CodePudding user response:
With your dtype:
In [2]: dtypes = [
...: ("state", "f8"),
...: ("variability", "f8"),
...: ("target", "f8"),
...: ("measured", [("mean", "f8"), ("low", "f8"), ("hi", "f8")], (4,)),
...: ("var", [("mid", "f8"), ("low", "f8"), ("hi", "f8")], (4,)),
...: ]
A 2 element zeros array looks like:
In [3]: arr = np.zeros(2,dtypes)
In [4]: arr
Out[4]:
array([(0., 0., 0., [(0., 0., 0.), (0., 0., 0.), (0., 0., 0.), (0., 0., 0.)], [(0., 0., 0.), (0., 0., 0.), (0., 0., 0.), (0., 0., 0.)]),
(0., 0., 0., [(0., 0., 0.), (0., 0., 0.), (0., 0., 0.), (0., 0., 0.)], [(0., 0., 0.), (0., 0., 0.), (0., 0., 0.), (0., 0., 0.)])],
dtype=[('state', '<f8'), ('variability', '<f8'), ('target', '<f8'), ('measured', [('mean', '<f8'), ('low', '<f8'), ('hi', '<f8')], (4,)), ('var', [('mid', '<f8'), ('low', '<f8'), ('hi', '<f8')], (4,))])
Using recfunctions
I can map that to a unstructured array:
In [5]: import numpy.lib.recfunctions as rf
In [6]: uarr = rf.structured_to_unstructured(arr)
In [7]: uarr
Out[7]:
array([[0., 0., 0., 0., 0., 0., 0., 0., 0., 0., 0., 0., 0., 0., 0., 0.,
0., 0., 0., 0., 0., 0., 0., 0., 0., 0., 0.],
[0., 0., 0., 0., 0., 0., 0., 0., 0., 0., 0., 0., 0., 0., 0., 0.,
0., 0., 0., 0., 0., 0., 0., 0., 0., 0., 0.]])
In [8]: uarr.shape
Out[8]: (2, 27)
That says that your dtypes has 27 fields, not the 9 that seem to think (from your column stack).
Making a new (2,27) array, I can create a structured array:
In [9]: uarr = np.arange(2*27).reshape(2,27)
In [18]: rf.unstructured_to_structured(uarr, dtype=np.dtype(dtypes))
Out[18]:
array([( 0., 1., 2., [( 3., 4., 5.), ( 6., 7., 8.), ( 9., 10., 11.), (12., 13., 14.)], [(15., 16., 17.), (18., 19., 20.), (21., 22., 23.), (24., 25., 26.)]),
(27., 28., 29., [(30., 31., 32.), (33., 34., 35.), (36., 37., 38.), (39., 40., 41.)], [(42., 43., 44.), (45., 46., 47.), (48., 49., 50.), (51., 52., 53.)])],
dtype=[('state', '<f8'), ('variability', '<f8'), ('target', '<f8'), ('measured', [('mean', '<f8'), ('low', '<f8'), ('hi', '<f8')], (4,)), ('var', [('mid', '<f8'), ('low', '<f8'), ('hi', '<f8')], (4,))])
view
still has problems with this.

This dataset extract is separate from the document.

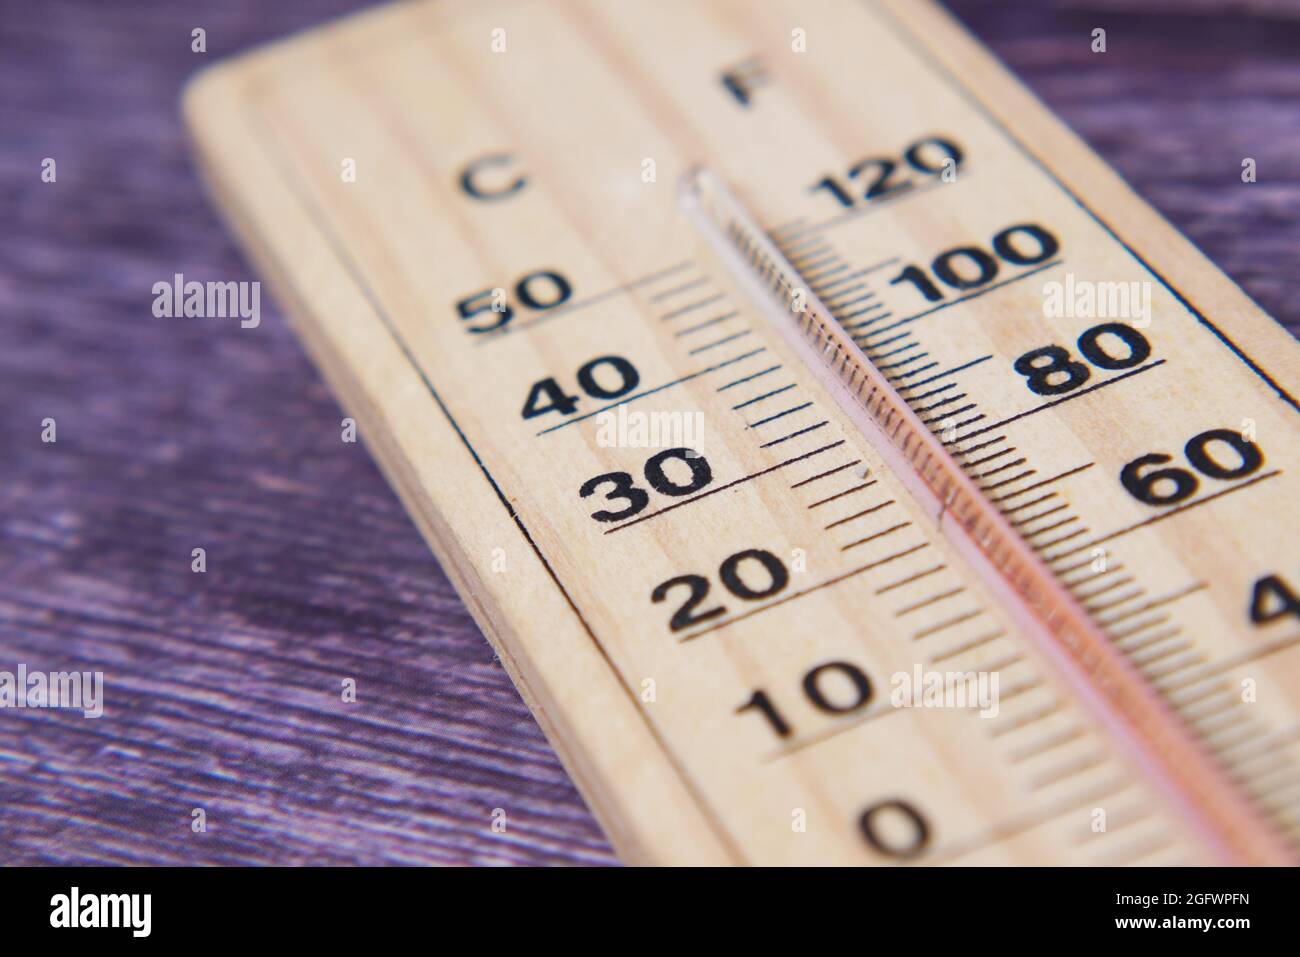 Close up of Temperature measurement tools on table. Stock Photo

In some simple cases view
does work, though it can require some dimensions adjustment. But I have not explored its limitations:
In [19]: uarr.view(np.dtype(dtypes))
---------------------------------------------------------------------------
ValueError Traceback (most recent call last)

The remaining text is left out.